Each line below from the "Erkekler Yeni Market" line through the "天津市国家税务局关于普通发票简并票种统一式样的公告" line, those two included, must be restated word for word; the pictures must not be.

**The data**
------------------------------------------------
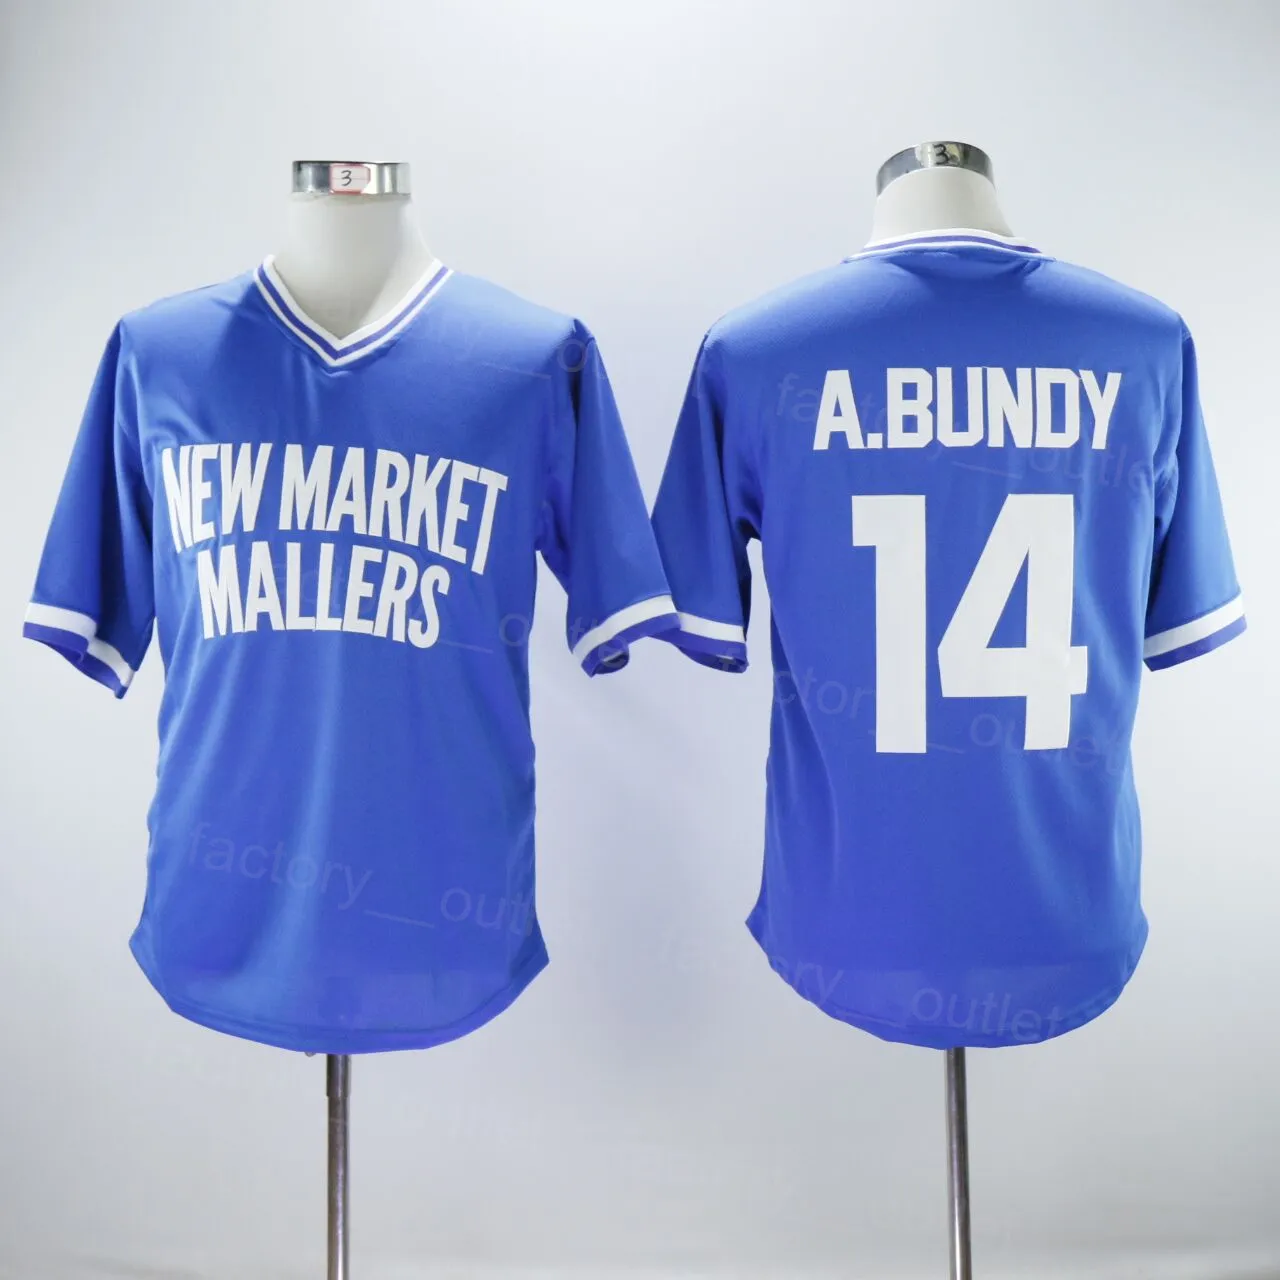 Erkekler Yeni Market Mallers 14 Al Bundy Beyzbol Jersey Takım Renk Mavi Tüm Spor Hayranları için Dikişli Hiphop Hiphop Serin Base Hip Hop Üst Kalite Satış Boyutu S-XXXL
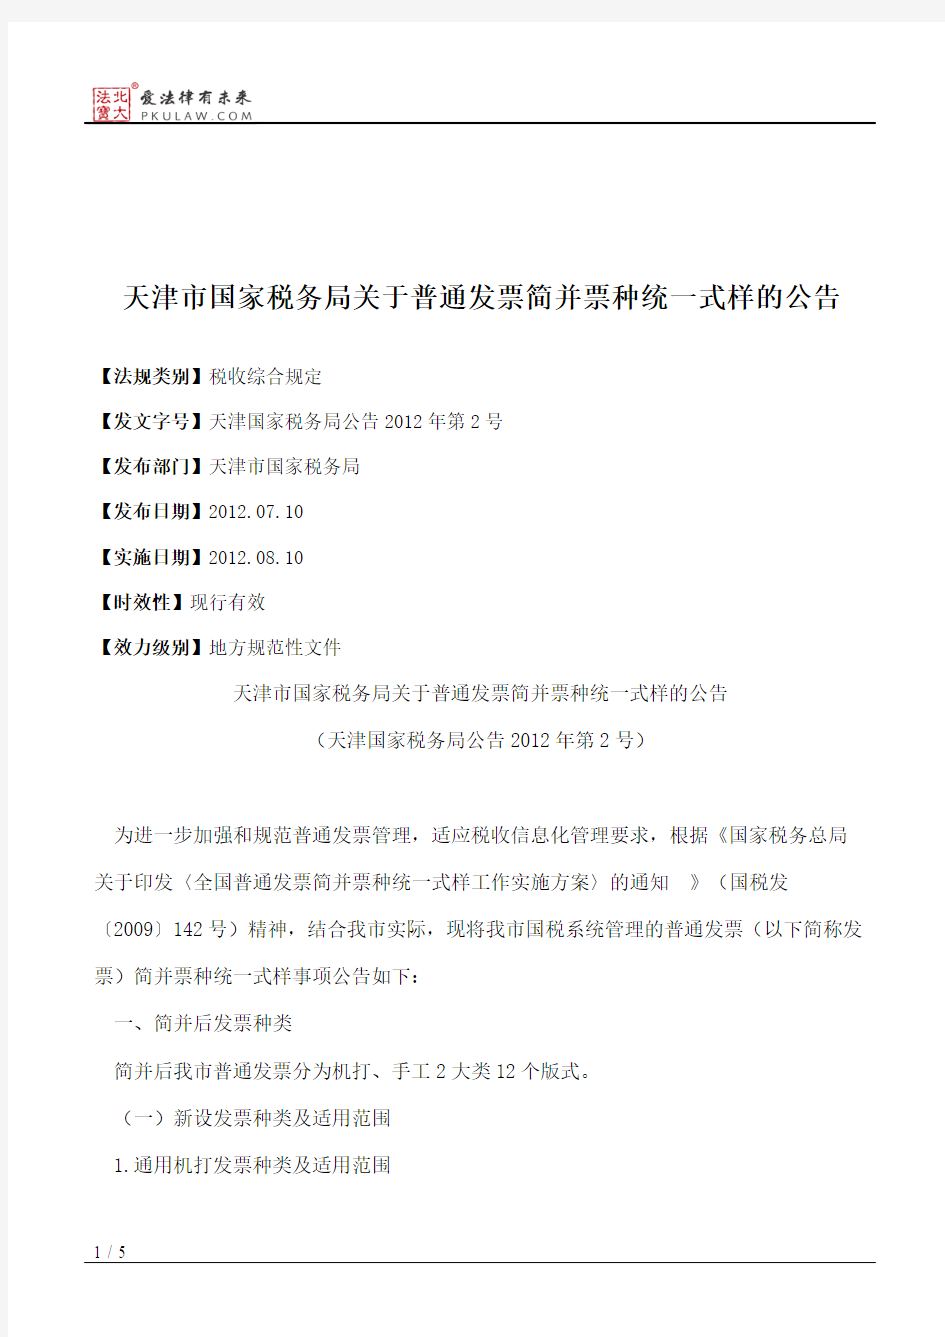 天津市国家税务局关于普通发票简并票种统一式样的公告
------------------------------------------------
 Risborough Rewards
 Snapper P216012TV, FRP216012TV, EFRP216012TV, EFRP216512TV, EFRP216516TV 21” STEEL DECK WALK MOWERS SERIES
------------------------------------------------
**Result of the task**
 Erkekler Yeni Market Mallers 14 Al Bundy Beyzbol Jersey Takım Renk Mavi Tüm Spor Hayranları için Dikişli Hiphop Hiphop Serin Base Hip Hop Üst Kalite Satış Boyutu S-XXXL
 天津市国家税务局关于普通发票简并票种统一式样的公告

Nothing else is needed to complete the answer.